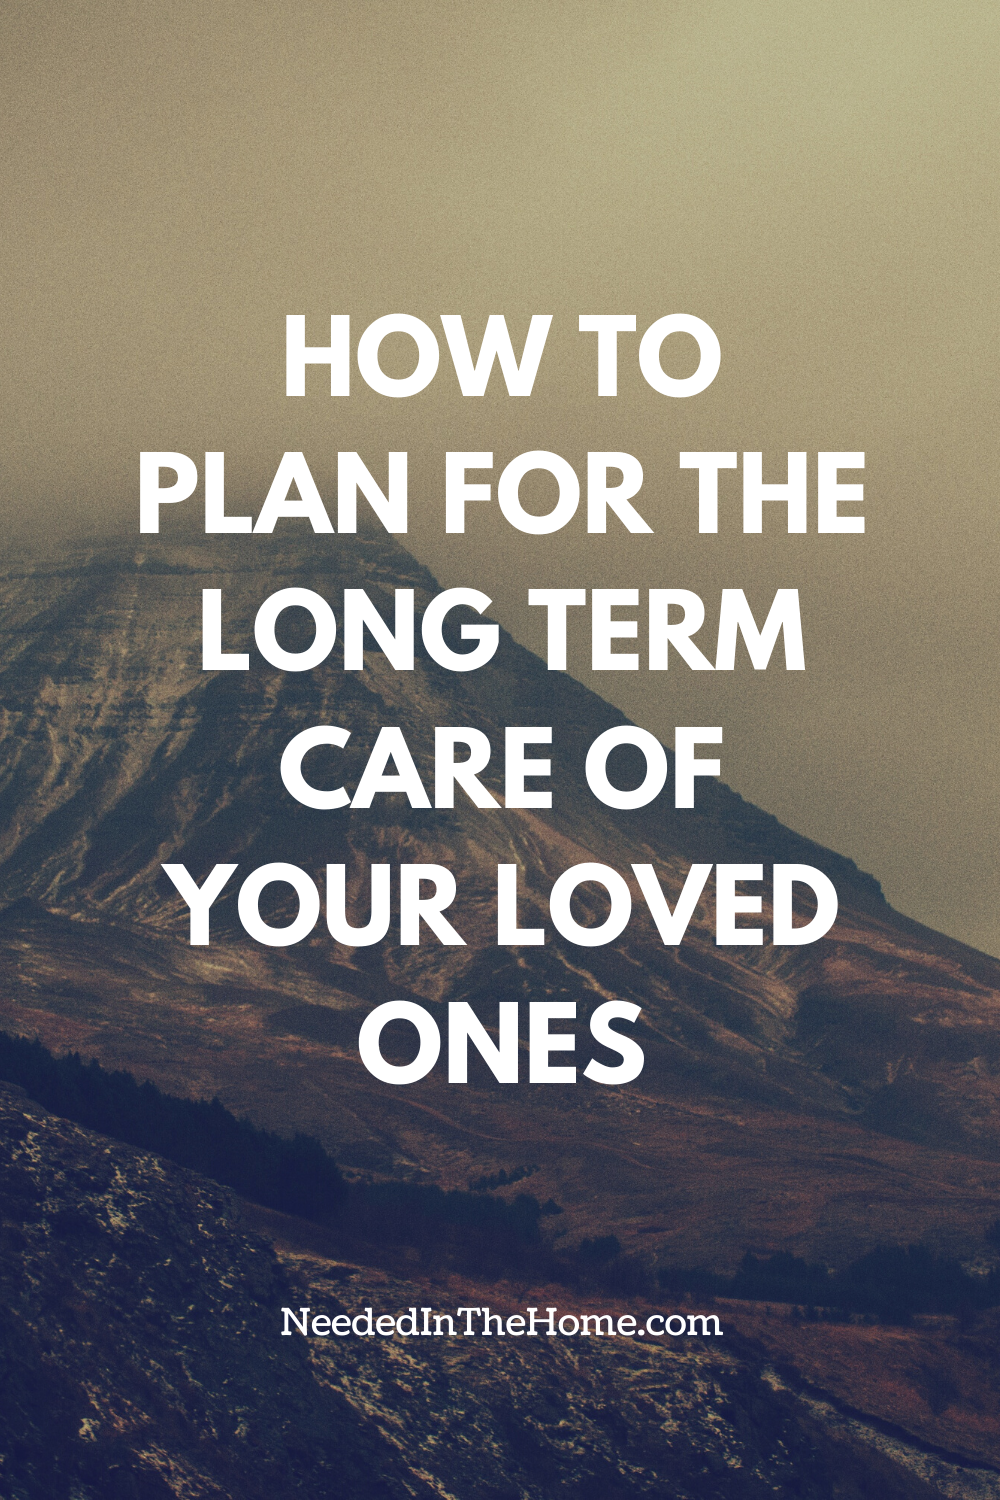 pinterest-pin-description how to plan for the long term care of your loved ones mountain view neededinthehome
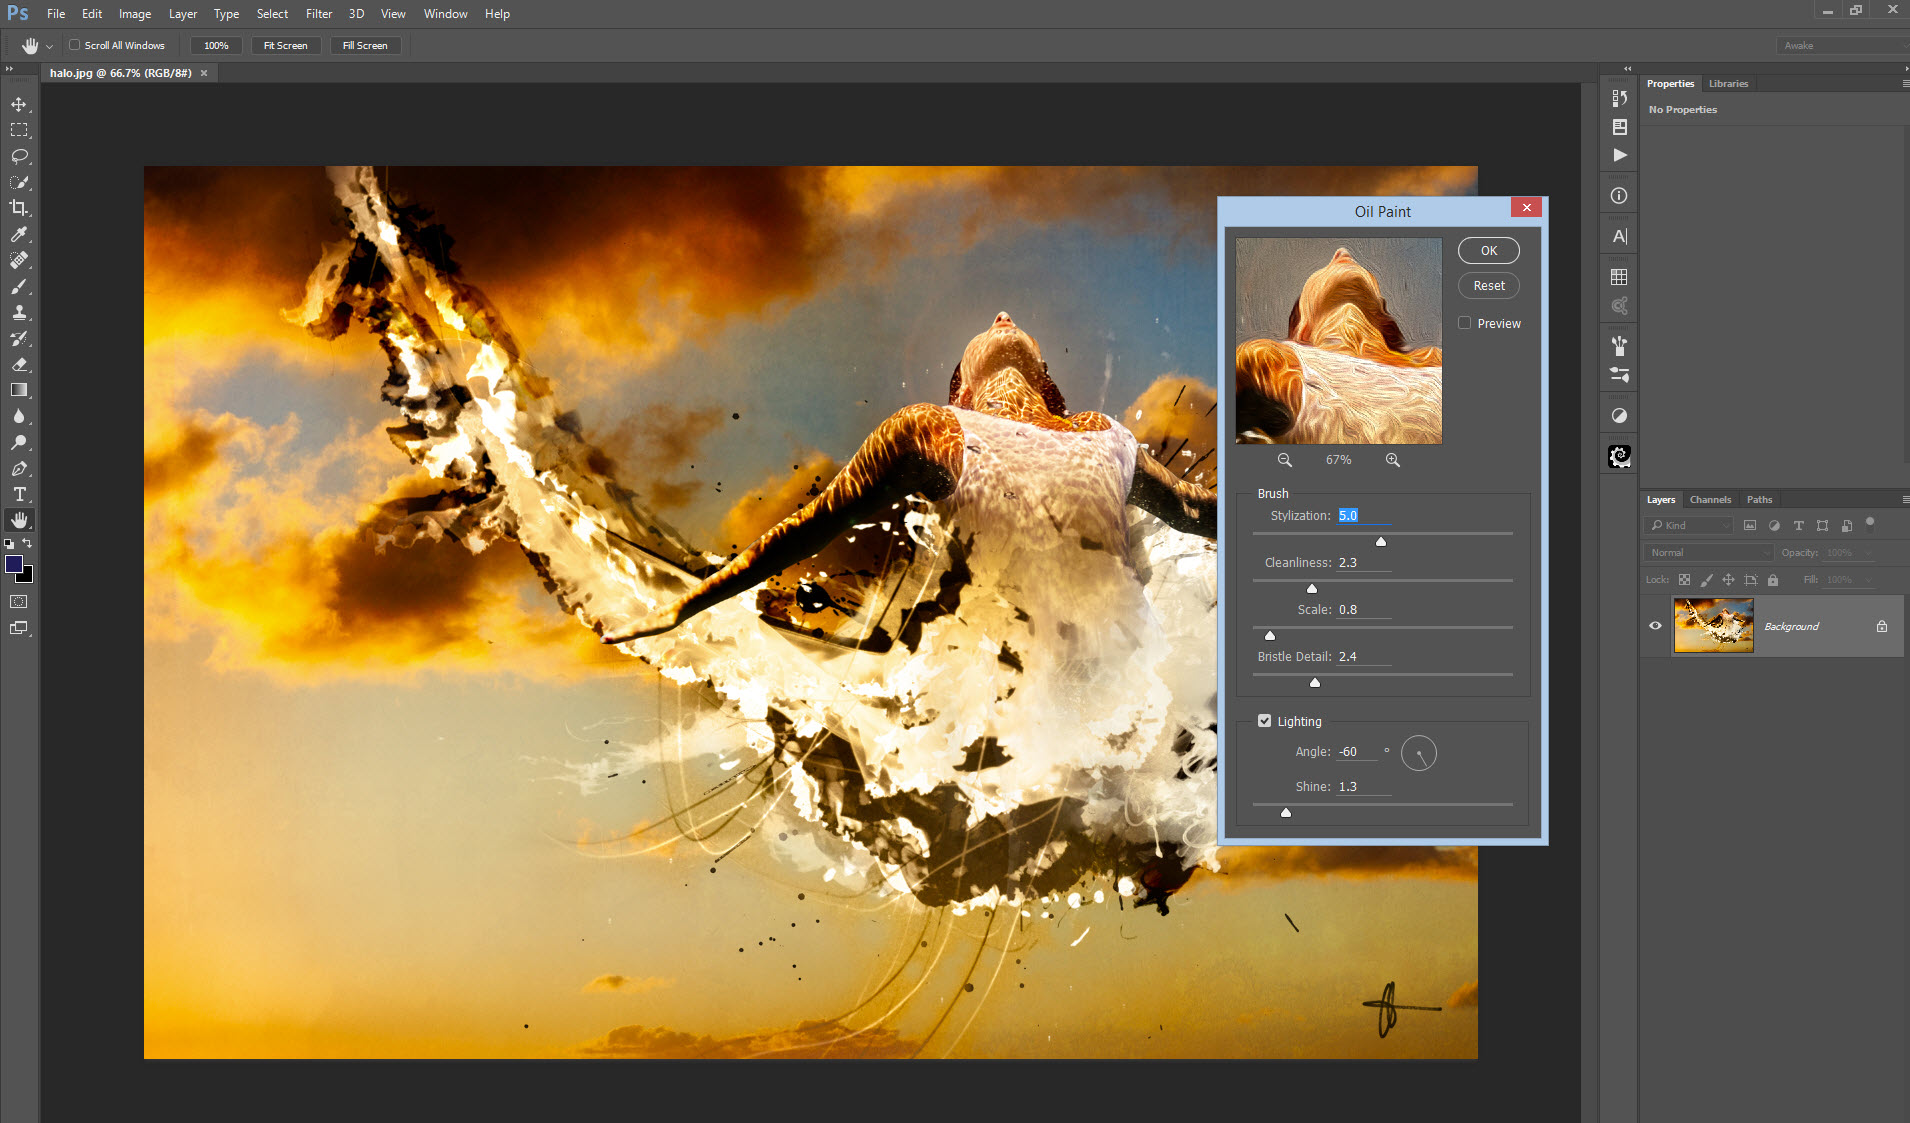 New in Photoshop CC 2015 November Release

━━━━━━

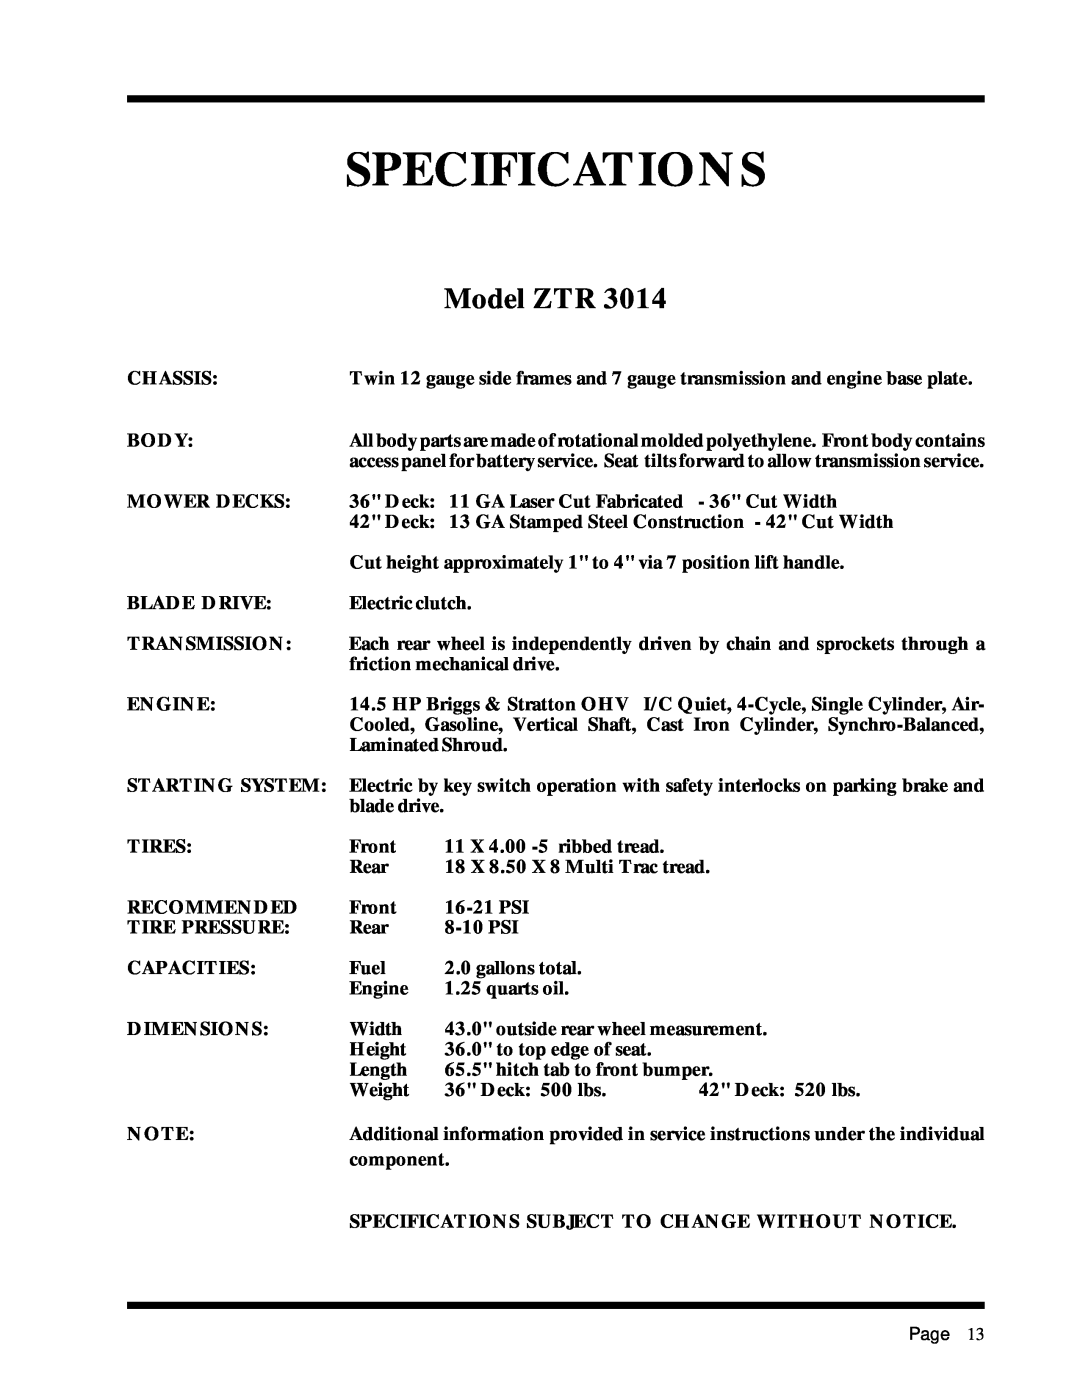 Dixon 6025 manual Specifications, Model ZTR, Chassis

━━━━━━

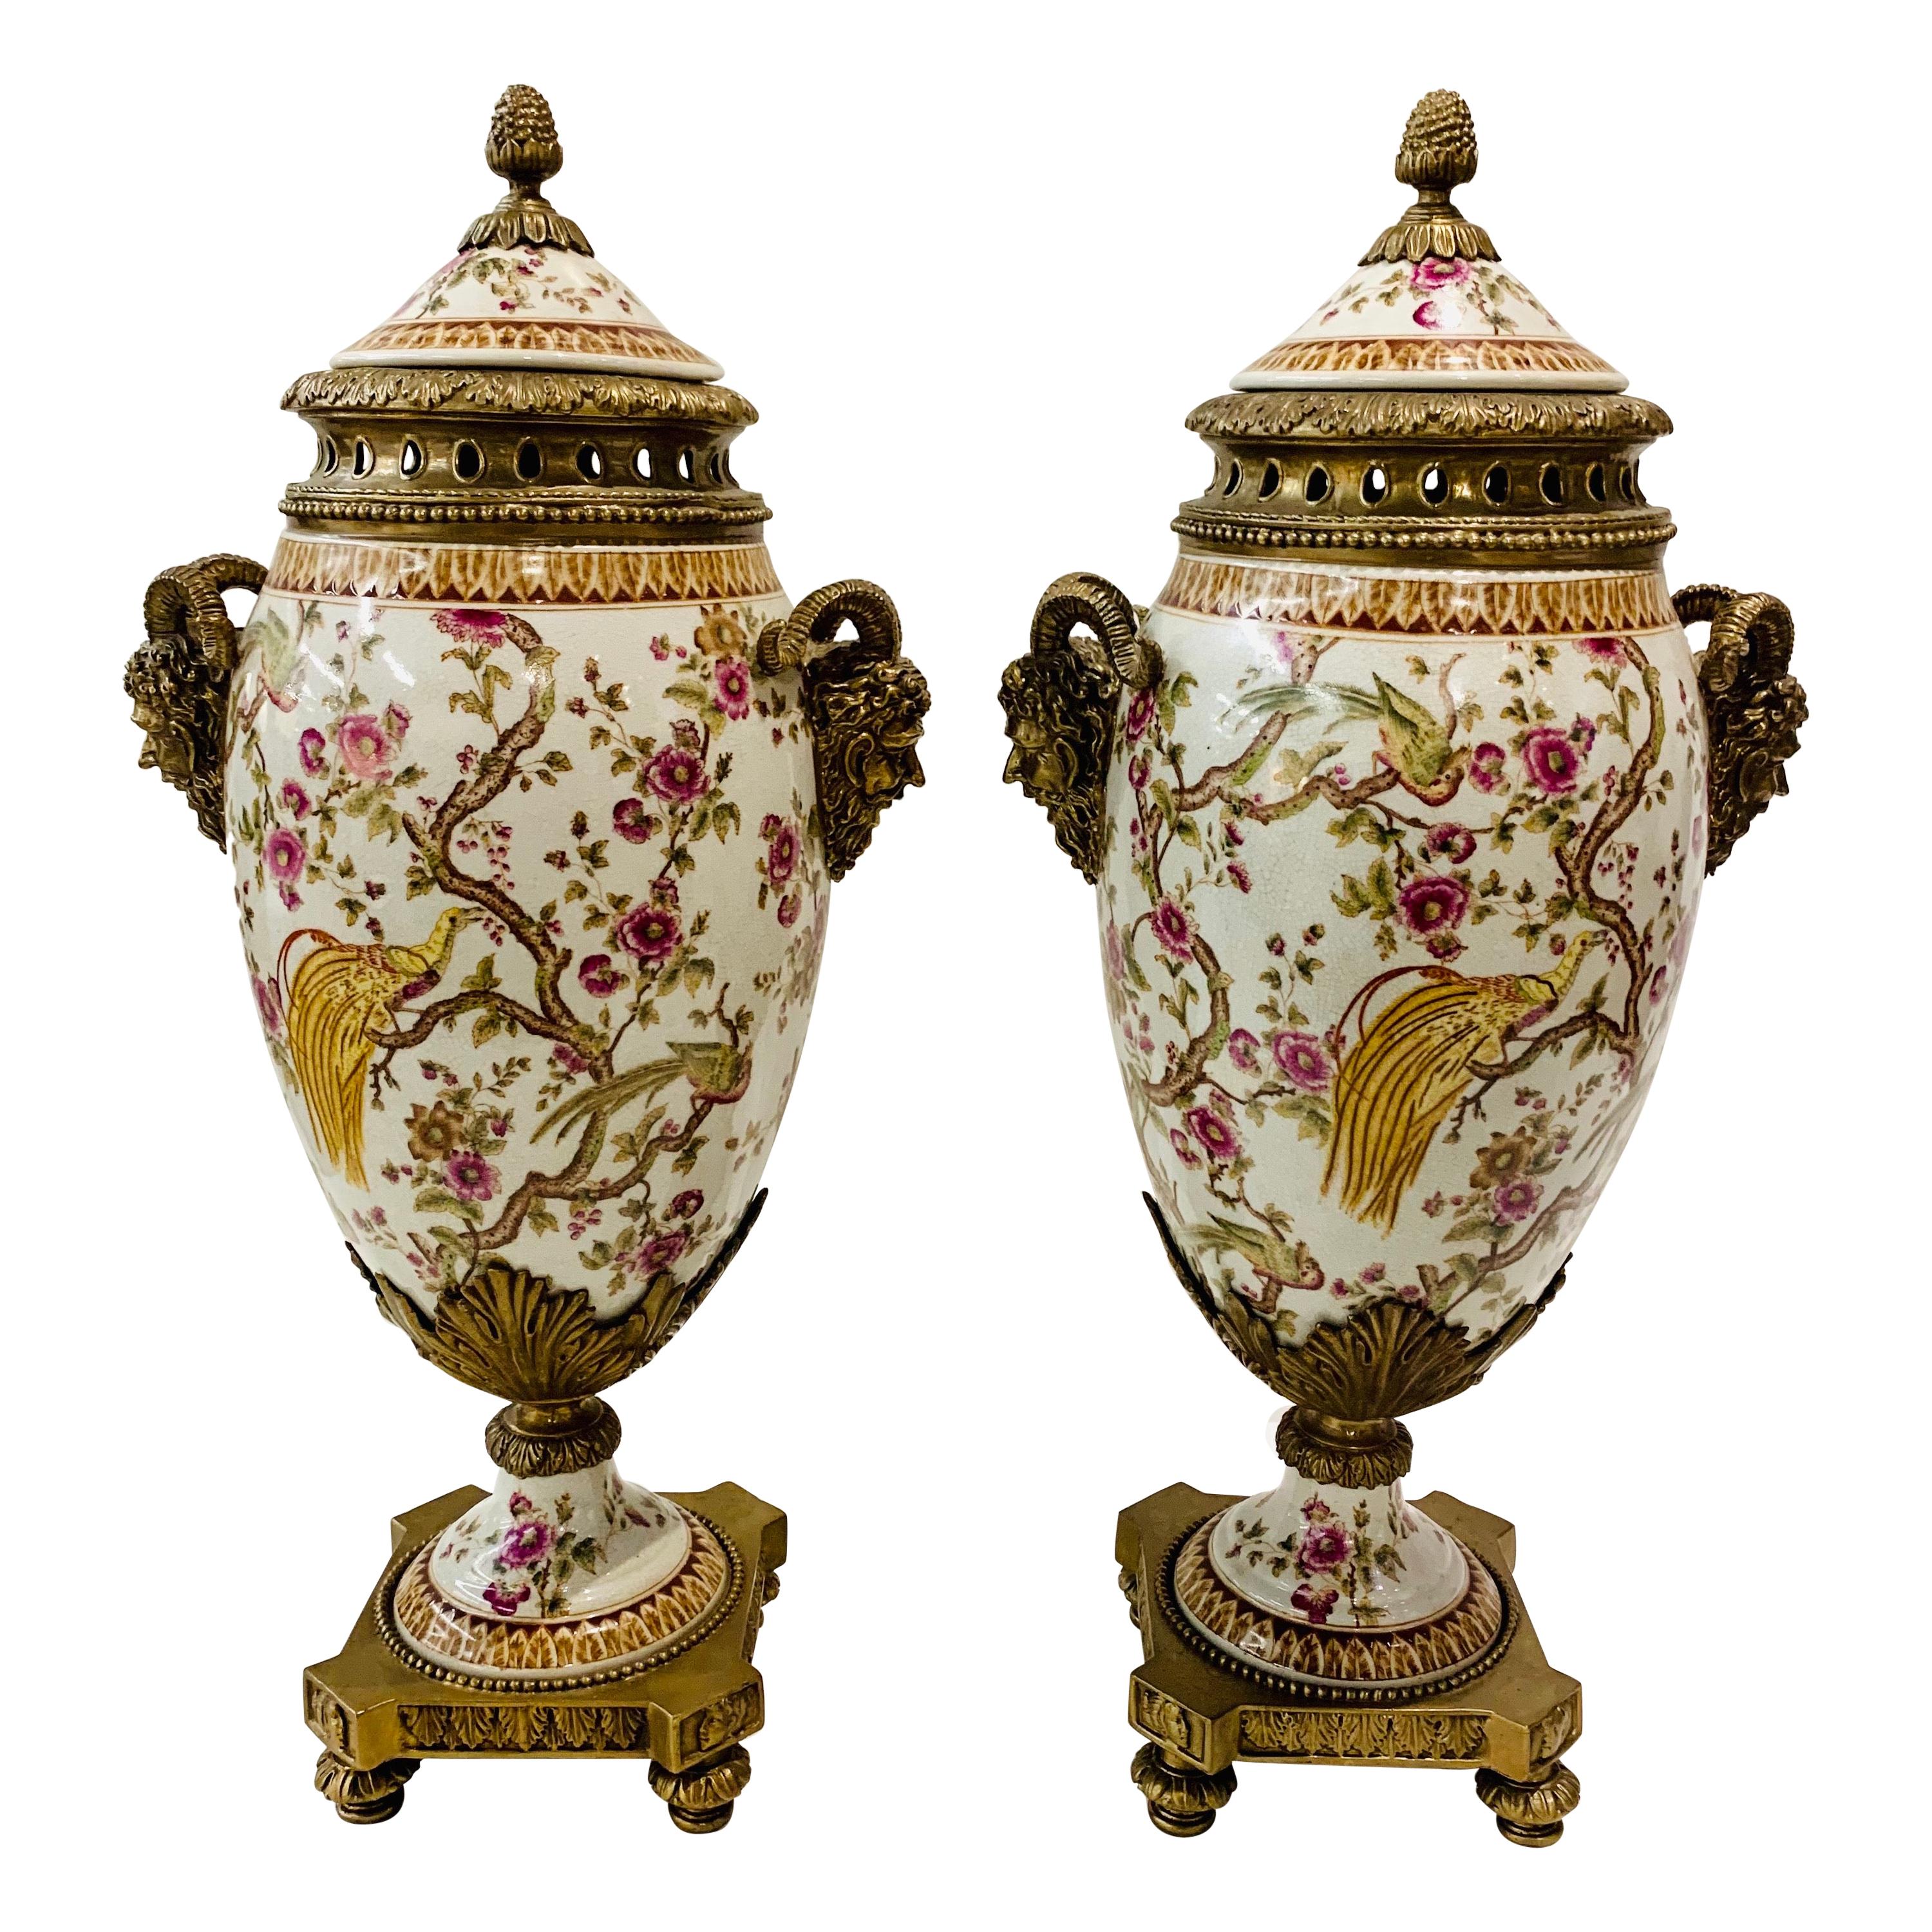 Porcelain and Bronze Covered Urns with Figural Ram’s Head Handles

━━━━━━

_Try it_.
Beginning with the line that contains "pinterest-pin-description how to", write out the lines of the material above exactly, and end with the line that contains "New in Photoshop CC 2015 November Release". Omit the pictures.

_Written response_.
 pinterest-pin-description how to plan for the long term care of your loved ones mountain view neededinthehome
 New in Photoshop CC 2015 November Release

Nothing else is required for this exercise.